Já passava das 4h de 30/12/2009 quando coloquei os pés de volta em casa. Confesso que relutei muito em sair, não ando muito animada para reencontros, tão pouco para responder certas perguntas inevitáveis do tipo: como você está? Parece simples, mas, no momento para mim não está sendo tão fácil responder a esta pergunta sem que meus olhos queiram falar por mim.
Então coloquei na balança o motivo que me levaria a enfrentar esses receios e o fato de ser para comemorar o aniversário da Dada fez meu peito receber uma grande injeção de ânimo. Já era longo o tempo em que não nos víamos e a saudade era imensa também, afinal nos últimos meses, apenas mensagens de celular nos davam noticias uma da outra. Foi aí que sem titubear, em menos de meia hora já estava pronta, de banho tomado e na rua. Freud explica? Quem sabe? “... hoje só tua presença vai me deixar feliz, só hoje...”

E foi uma noite muito divertida e especial. Fazia muito tempo que não me sentia atraída pelas noitadas de muita música e alegria.
Claro que houve momentos em que me senti um pouco distante, com o pensamento vagando em lembranças que não voltam mais, mas na maioria do tempo consegui esquecer as tristezas.

Reencontrei pessoas queridas que não via há muito tempo, outras nem tanto, me atualizei das noticias do pessoal, me surpreendi com algumas novidades, mas acho que de um modo geral me saí bem.

Ainda não me sinto plenamente confortável na noite.
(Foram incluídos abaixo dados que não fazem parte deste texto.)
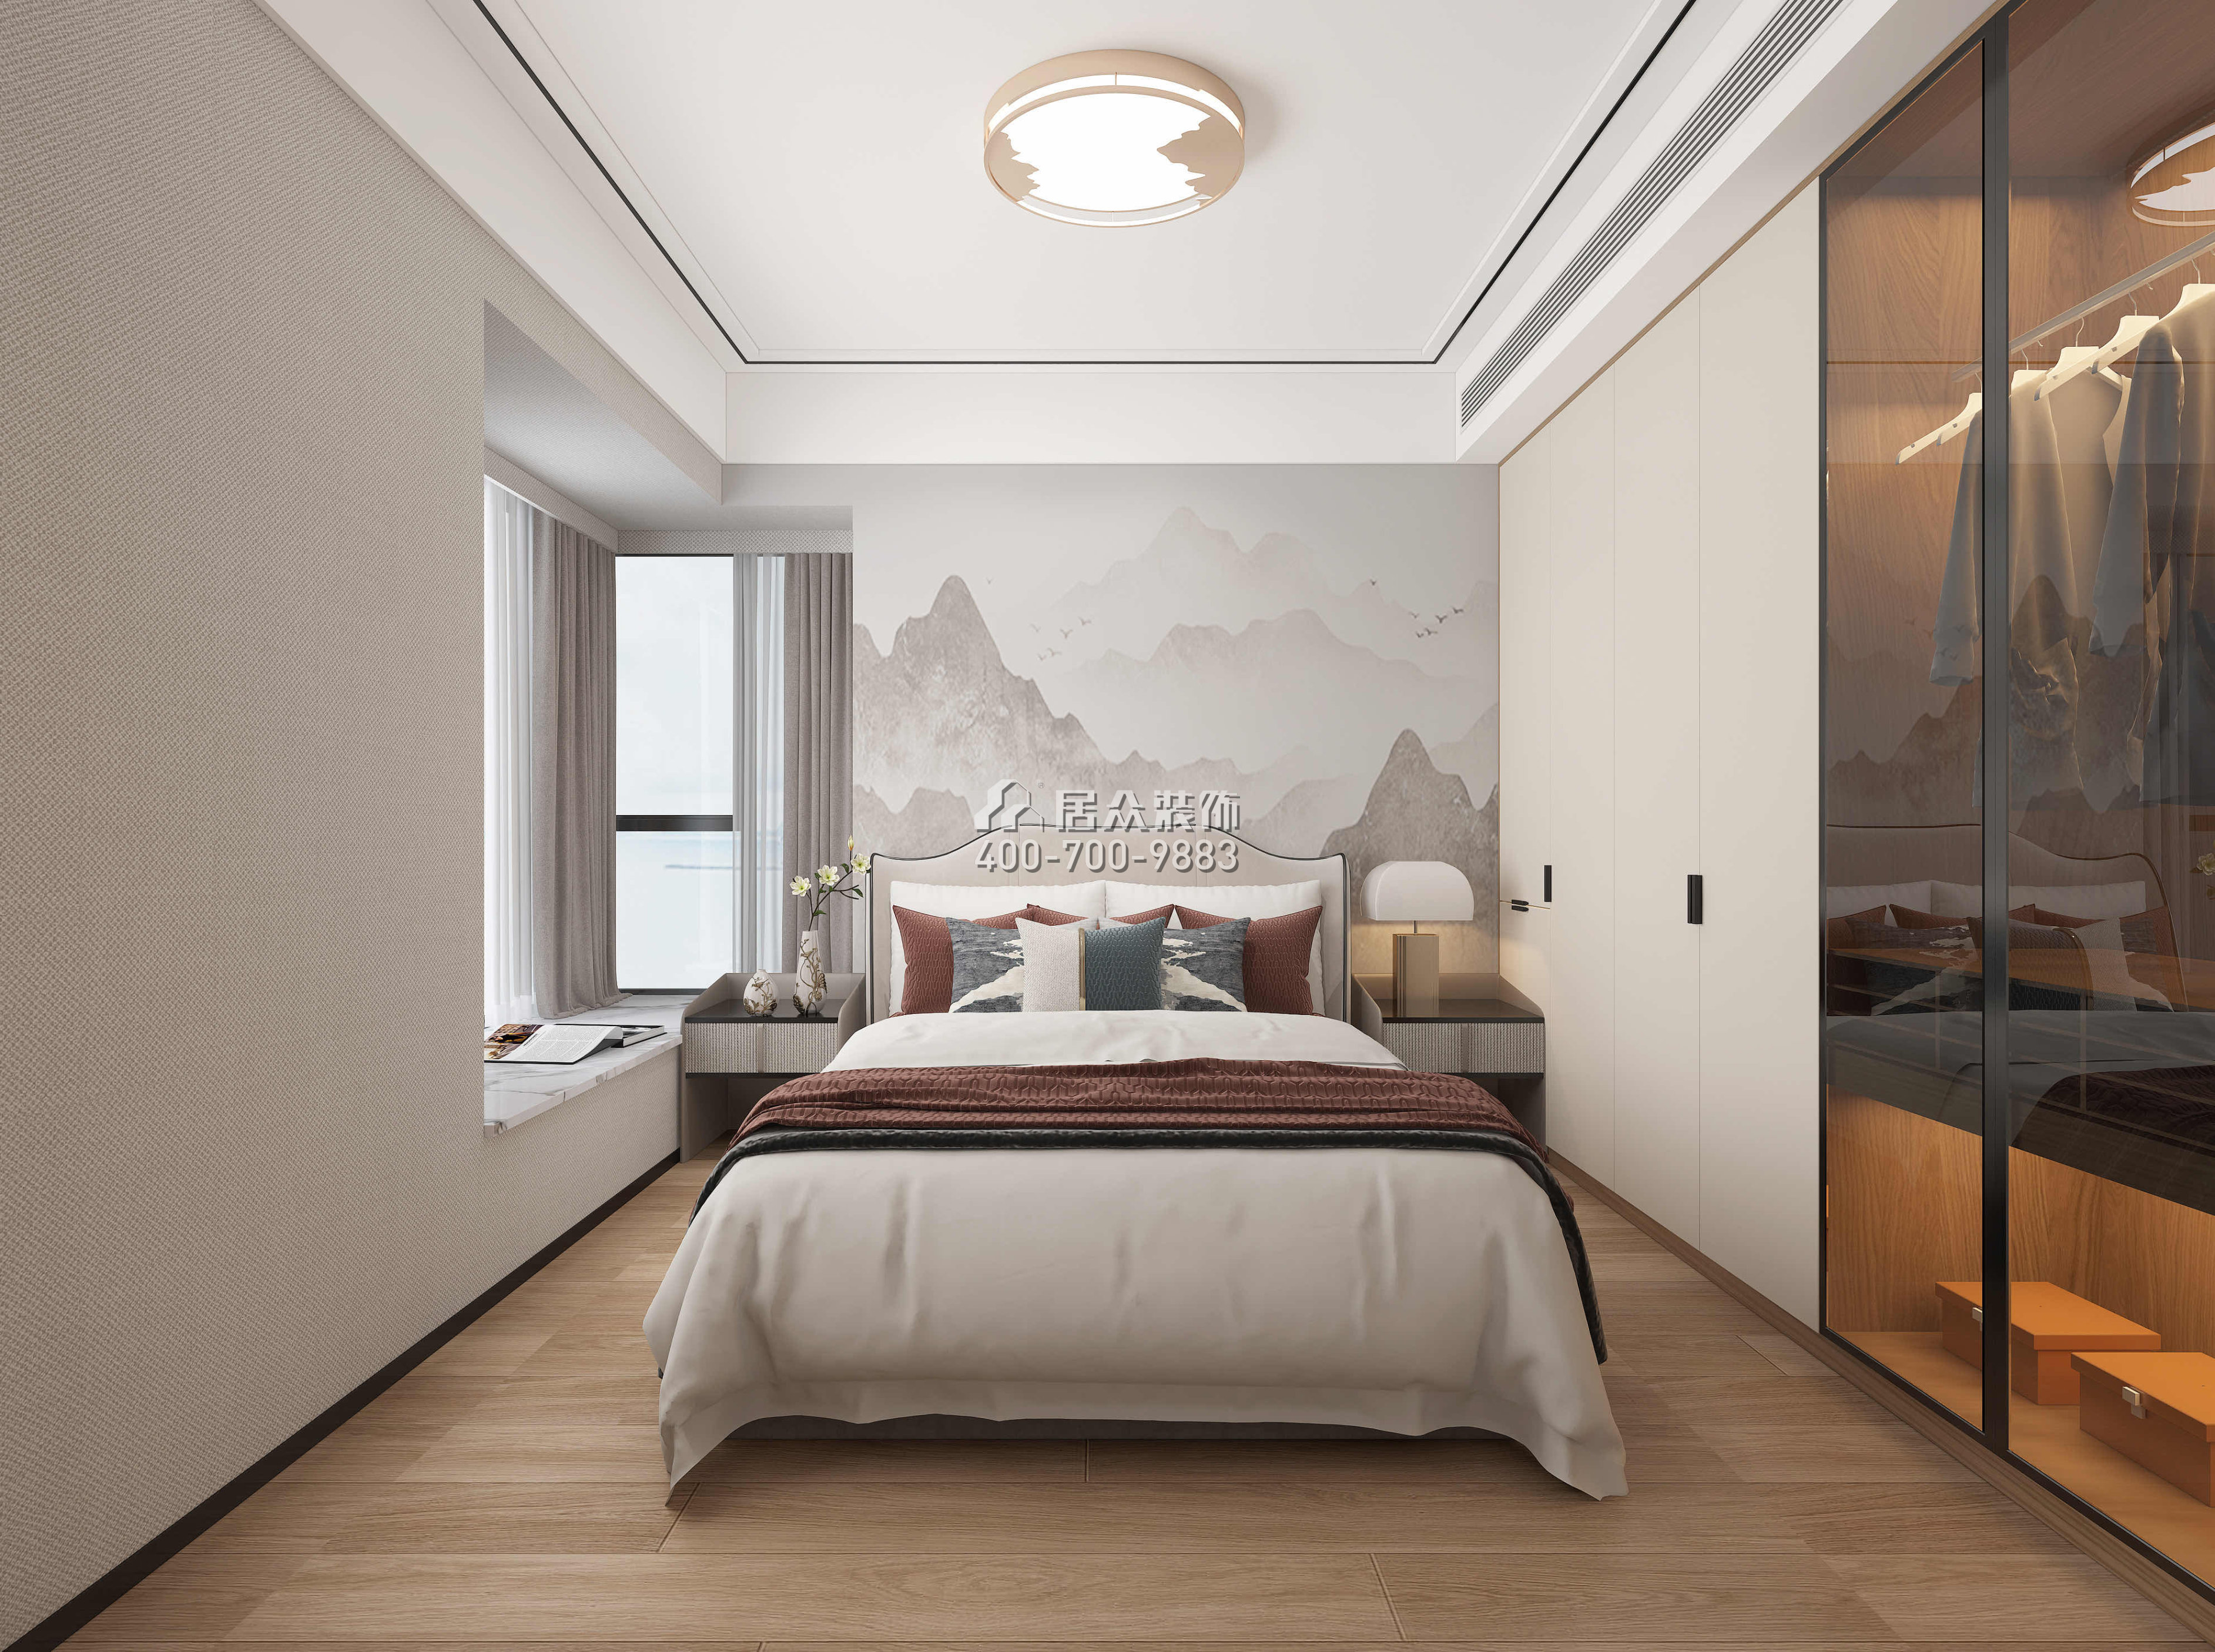 現代城夢想家園71平方米中式風格平層戶型臥室裝修效果圖

Não sou a melhor companhia de ninguém no atual momento, pois ando muito frágil emocionalmente e sei que na noite ninguém está afim de lamentações.

Inevitável em determinados momentos não sentir os olhos marejarem vendo uma cena bonita, tendo uma bela musica como pano de fundo que fazem transportar nosso coração para outro lugar. Isso faz parte do processo de estancar tudo o que ainda machuca. Só o tempo apagará aos poucos essas lembranças que deixaram saudades.

Mas onde consegui, segurei a onda. Deixei as tristezas e a dor que ainda existe do outro lado da porta, o lado de fora. Sei a força que fiz para tudo parecer tranqüilo, afinal era uma noite de alegria.

Era a noite de brindar a felicidade de uma pessoa mais que especial para mim. Alguém que conheci em novembro de 2002 e desde lá se tornou o meu “porto seguro”. Uma das pessoas que escolhi nesta vida para ser minha irmã.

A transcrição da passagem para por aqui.